- Origin: Japan
- Genres: J-pop, Hip-Hop
- Years active: 2022–present
- Label: Dream Boy
- Spinoffs: roomR
- Members: SHOYA; REIJI; TECO; RICK; HIKARU; MASATO; LYU;
- Website: maisonb.jp

= Maison B =

Japanese Boy Group

Maison B is a Japanese boy group formed and produced by rapper Ken The 390. under the label DREAM BOY. The group was formed August 19, 2022 on the television program THE NEXT UP ~ Tsugi wa Kimida Yo ~ and debuted February 15, 2023 with the EP "Foundations".

== History ==

=== 2022 : Formation and releases ===
The members of Maison B were contestants on Season 2 of the Japanese reality television show Produce 101 Japan (2021), where their future producer Ken The 390 also appeared as a rap trainer.

On May 27, Ken The 390 began airing THE NEXT UP ~ Tsugi wa Kimida Yo ~ on Music Blood, planning to debut five trainees that failed the Produce 101 Japan season two audition. Each episode announced a new member of the unnamed group. The original five announced members were RICK, TECO, LYU, SHOYA and REIJI. HIKARU and MASATO were interviewed and auditioned after SHOYA and REIJI respectively recommended them to Ken The 390. Finally, the group's name was decided along with the lineup on August 11.

A crowdfunding campaign on the Japanese fundraising website Ubgoe was started April 13, promising the release of Maison B's first pre-debut single. After the goal of 3,000,000 was reached, the music video for their first single Bringing Out, as well as releasing both digitally and physically to those that donated.

On November 1, Maison B announced the formation of a sub-unit consisting of members RICK and REIJI named roomR, along with the release of Ken the 390's digital single Anything Goes (feat.roomR) which featured the unit.
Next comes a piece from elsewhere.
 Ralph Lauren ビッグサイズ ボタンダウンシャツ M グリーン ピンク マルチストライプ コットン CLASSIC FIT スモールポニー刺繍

On November 18, the group released their second single Masquerade to streaming platforms.

The sub-unit roomR featured on compilation album O.B.S vol.8 on December 1 with their song Reverse. The song is the first song relating to Maison B with lyrics by the members, with RICK and REIJI participating in songwriting for Reverse.

=== 2023: Debut ===
On January 18, Maison B pre-released the music video for the title track to their EP Foundations, as well as releasing it digitally to streaming platforms. The song's lyrics were co-written by Maison B members RICK and REIJI.
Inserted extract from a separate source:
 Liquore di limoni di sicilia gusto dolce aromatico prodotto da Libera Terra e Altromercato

The group debuted February 15 with the release of Foundations. The b-side Bye For Now is the first Maison B song with songwriting credits from all of the members.

Foundations ranked 10th on the Oricon daily albums chart for February 14, 2023 and second on the Oricon weekly indie albums chart for February 13 - February 19.

On May 11, 2023, Maison B's sub-unit roomR released the digital single Manifesto.

Maison B's sub-unit roomR released the digital single After Party June 12, 2023.

== Members ==
Credits adapted from Maison B and Produce 101 Japan Season 2 official websites.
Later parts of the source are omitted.